Image of God and Attachment

I recently picked up Sue Johnson’s couples therapy book for Christians. It’s called Created for Connection. In the introduction Sue makes an interesting statement about the purpose of romantic love that reminded me of what I’ve been reading in various systematic theologies of the meaning of the phrase “image of God” or in latin “imago dei.” She writes:

“Emotional bonding is a wired-in survival code designed to keep loved ones close so that they will be there when we are in need. In order to truly thrive, we all need someone to depend on, a loved one who can offer reliable emotional connection and comfort. This partnership is the natural antidote to humanity’s greatest pain: being alone in the face of the uncertainty of life.”

Sue Johnson, (p. 6)

I see a striking similarity between how attachment theorists describe the core of both human identity and survival strategies as interpersonal in nature and how Michael Horton describes being “made in the image of God” according to Genesis 1:26 in his book Pilgrim Theology. He writes:

“God created us as covenant servants, and we will see the close connection between covenant and the ‘image of God’ below….The image of God (imago dei) is not something in us that is semi divine but something between us and God that constitutes a covenantal relationship. ‘The whole being, the whole human person and not just ‘something’ in us is the image of God,’ notes Bavinck. ‘Thus, a human being does not bear or have the image of God but is the image of God.'”

Michael Horton, (p.123)

Horton goes on to focus on the interpersonal aspect of image bearing that makes humans different from all other creatures. For Horton, “What defines human personhood, on this account, is not so much what happens within the self (i.e. the relation and ranking of faculties), or in the cycles of nature, but what happens between persons (God and human beings) in history” (p. 124). I like this focus because it seems to parallel what attachment theories are also getting at, that a primary thing about humans is their nature as relational beings. It is not a perfect comparison, and I definitely see that. The imago dei also includes much more than defining humans as relational, but it is not less than that. Horton concludes his explanation of the interpersonal aspect of the imago dei by saying, “This covenantal relationship is not something added to human nature, but is essential to it. To exist as human beings is not to be a ‘thinking thing,’ a disembodied and unrelated ego, but is already to be enmeshed in a web of relationships: a society” (p.124).
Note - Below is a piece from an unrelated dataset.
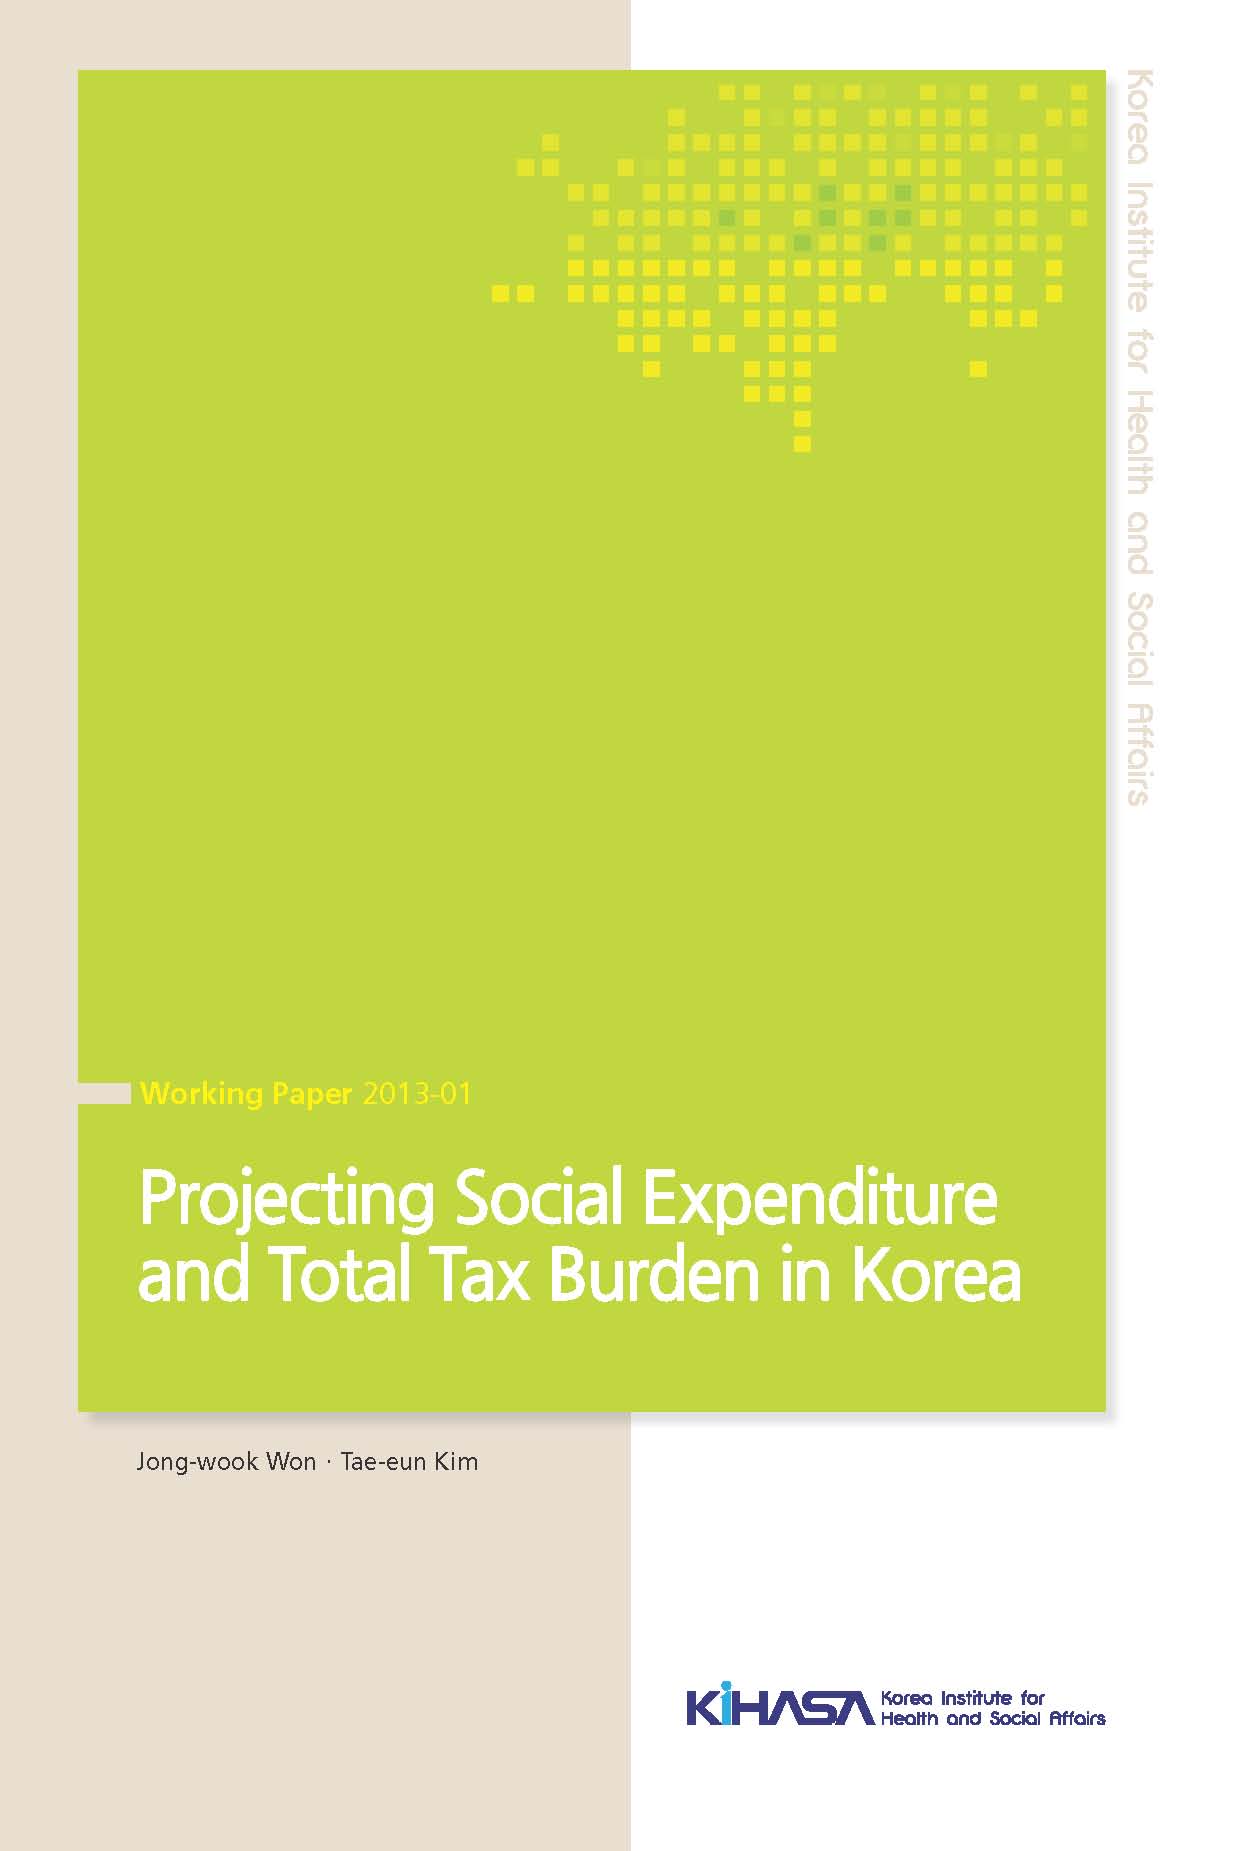 Projecting Social Security Expenditure and Total Tax Burden in Korea

The other aspect of the imago dei that Horton and another favorite theologian of mine, R.C. Sproul, point out is the consequence of being created as a covenantal creature of God. They both point out that being made in God image also means we were intended to represent God as his vice-regents on earth to the rest of creation. Sproul puts it this way in his systematic theology Everyone’s a Theologian:

“Of all the creatures in the world, human beings are given a unique responsibility, and wit that responsibility is a corresponding ability. Part of the uniqueness of the human race is the mission we have received from God to be His representatives to the rest of creation, to reflect the very character of God….I am convinced that what we find in the image is a unique ability to mirror the character of God such that the rest o the world should be able to look at humans and say, ‘That gives us an idea of what God is like.'”

R. C. Sproul, (p.103)

I find it helpful to be reminded of God’s intention with mankind, even if our fallenness through Adam’s rebellion and sin has corrupted our imaging nature. In a society so confused about issues of identity and personhood, returning to the imago dei for guidance is so important. It reminds me of how Sue Johnson described a letter she received from a Catholic priest she met while in college. She writes how Father Storey responded to her work on attachment theory by writing her a letter ” describing his bond with God and how his closeness to Christ was his home and safe haven. He urged me to remember that Christians have always referred to God as an attachment figure, as the ‘Heavenly Father'” (p.7).